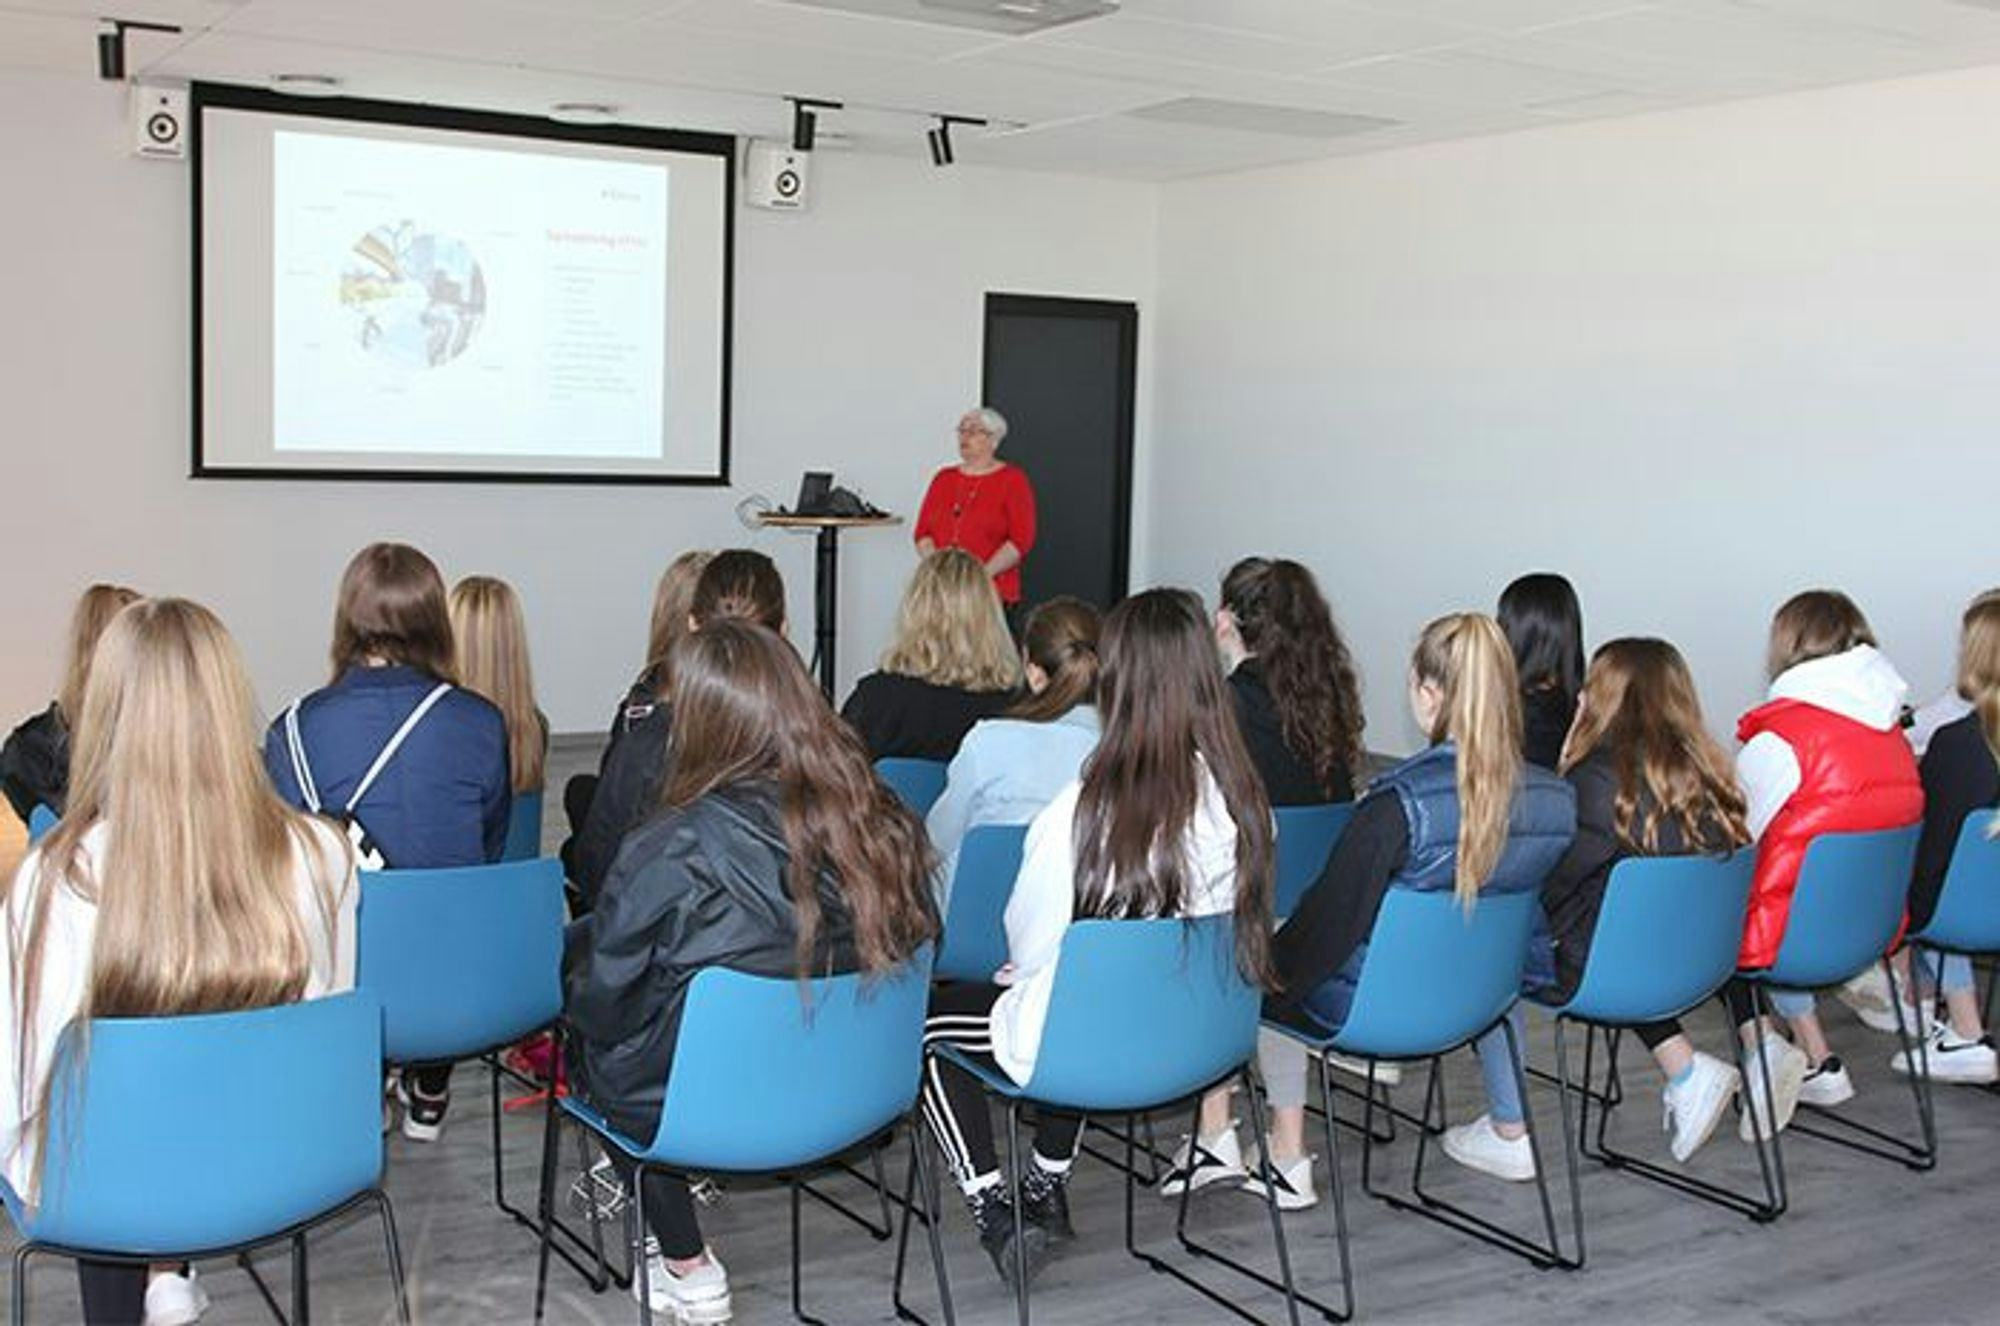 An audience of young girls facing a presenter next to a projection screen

----

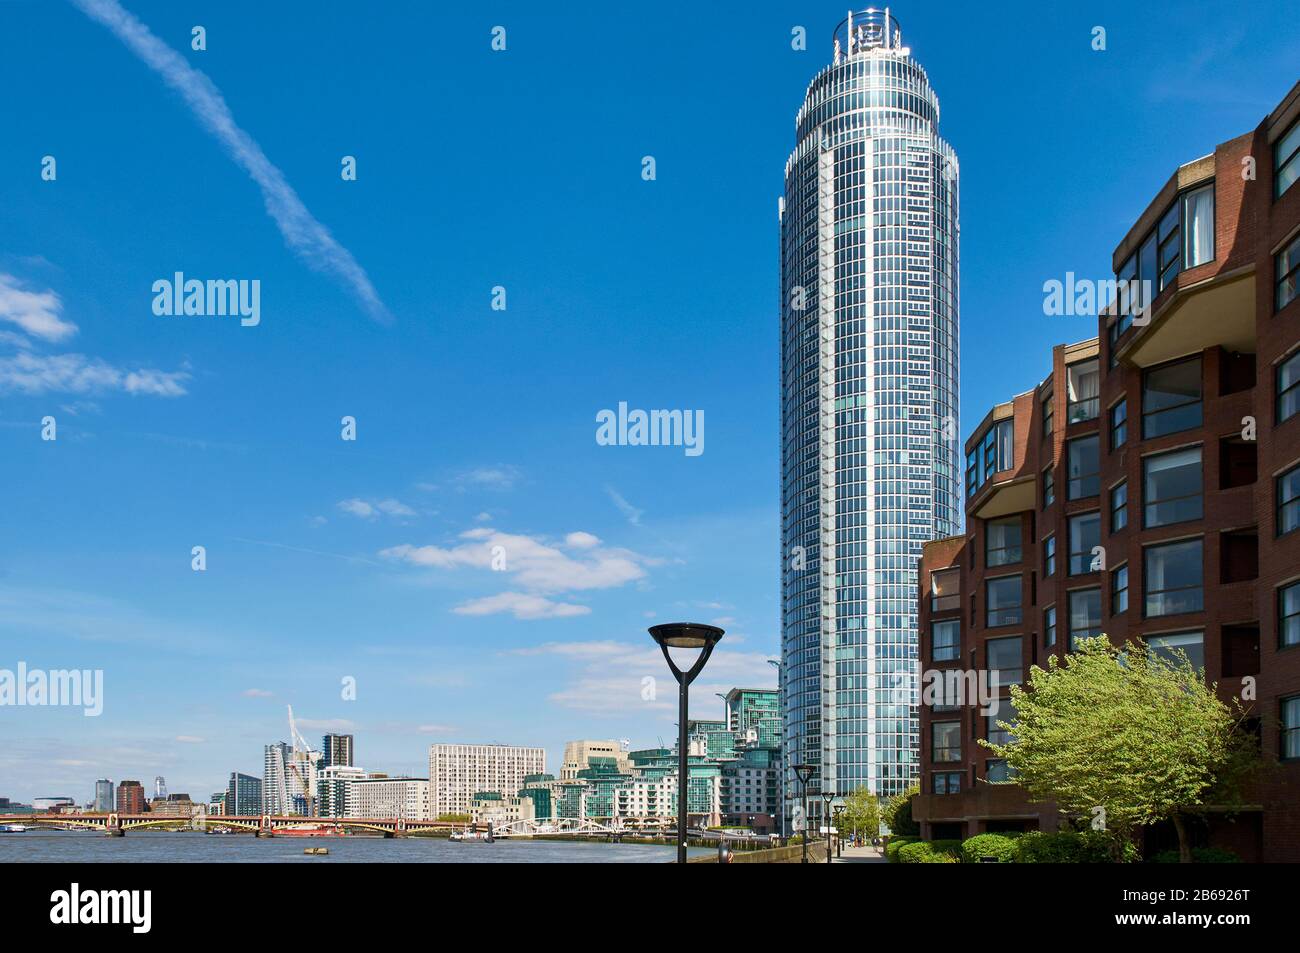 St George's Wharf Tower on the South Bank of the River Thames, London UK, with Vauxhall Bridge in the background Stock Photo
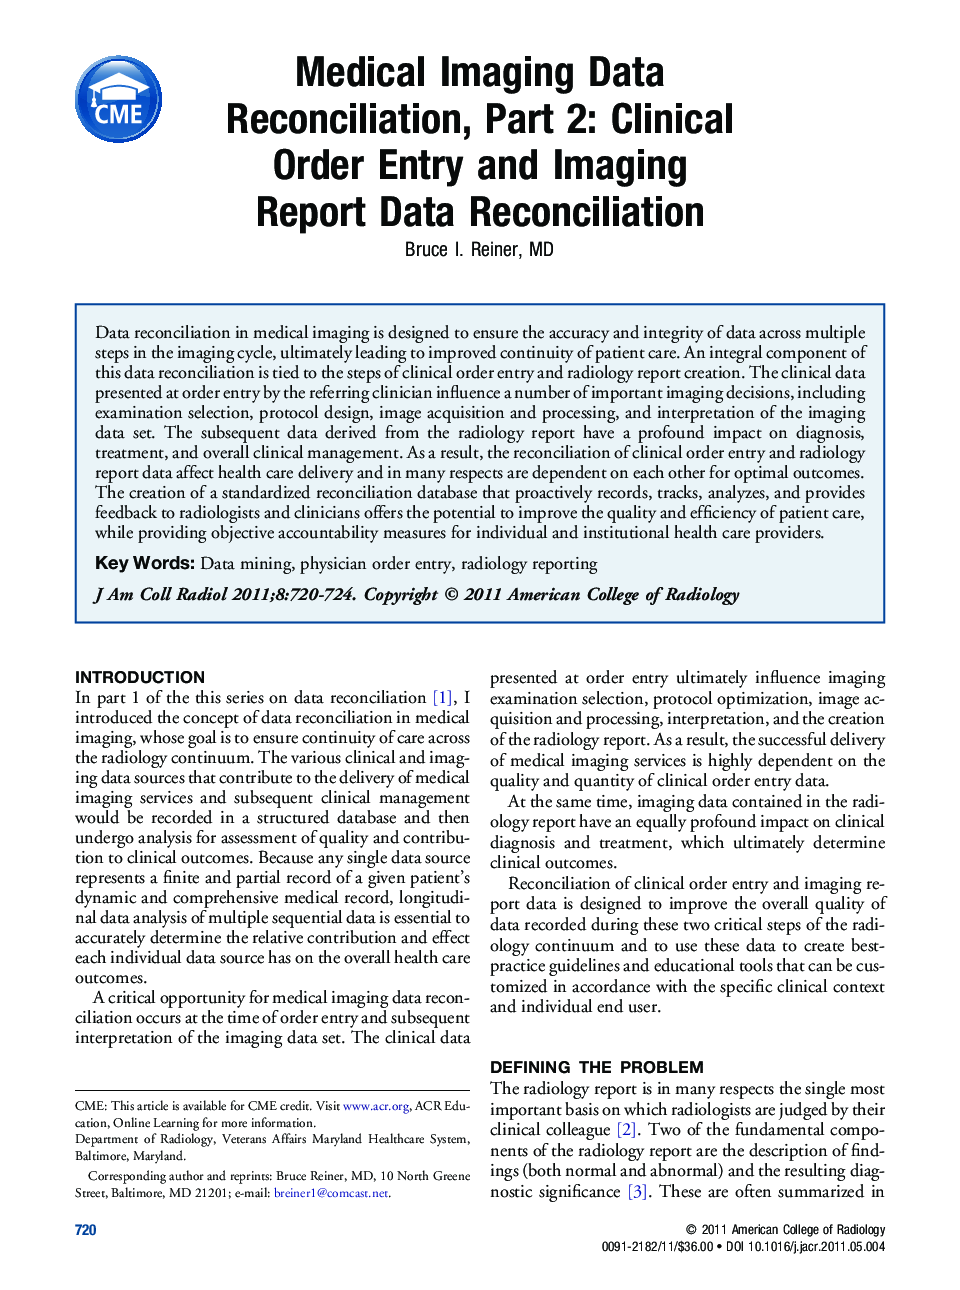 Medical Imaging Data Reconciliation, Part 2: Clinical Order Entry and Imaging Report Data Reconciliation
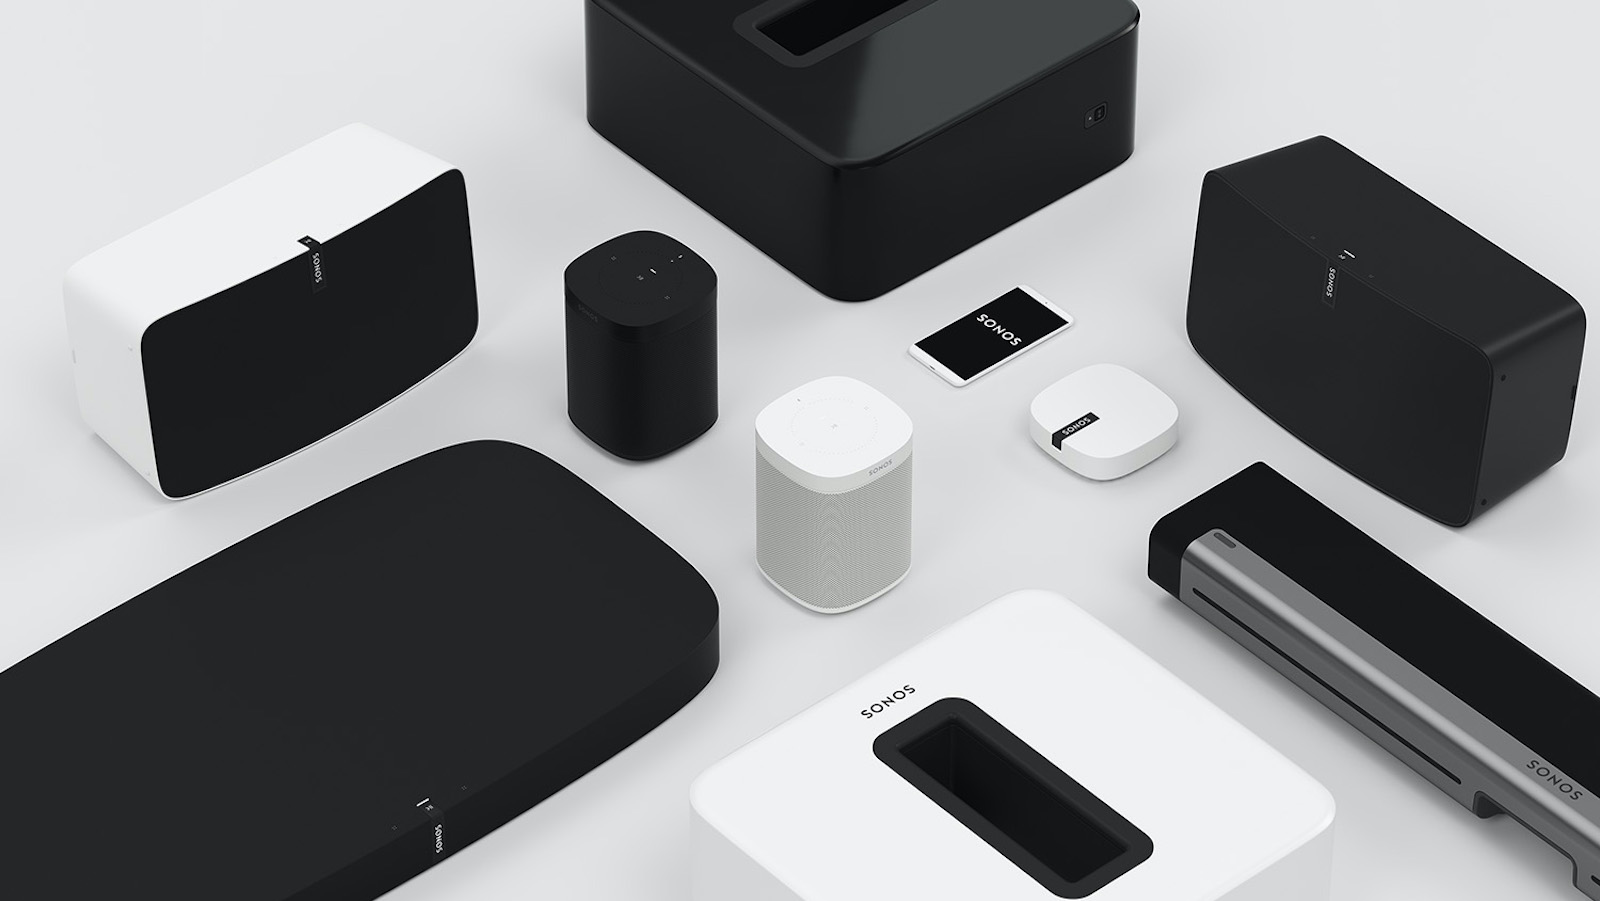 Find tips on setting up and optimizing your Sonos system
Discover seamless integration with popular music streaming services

----

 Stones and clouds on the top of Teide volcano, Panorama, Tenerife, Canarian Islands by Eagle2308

----

* Problem
All pictures are to be skipped. Output, word for word, the lines in the data above starting at the line containing "St George's Wharf" and ending at the line containing "Discover seamless integration".

* Written response
 St George's Wharf Tower on the South Bank of the River Thames, London UK, with Vauxhall Bridge in the background Stock Photo
 Medical Imaging Data Reconciliation, Part 2: Clinical Order Entry and Imaging Report Data Reconciliation
 Find tips on setting up and optimizing your Sonos system
Discover seamless integration with popular music streaming services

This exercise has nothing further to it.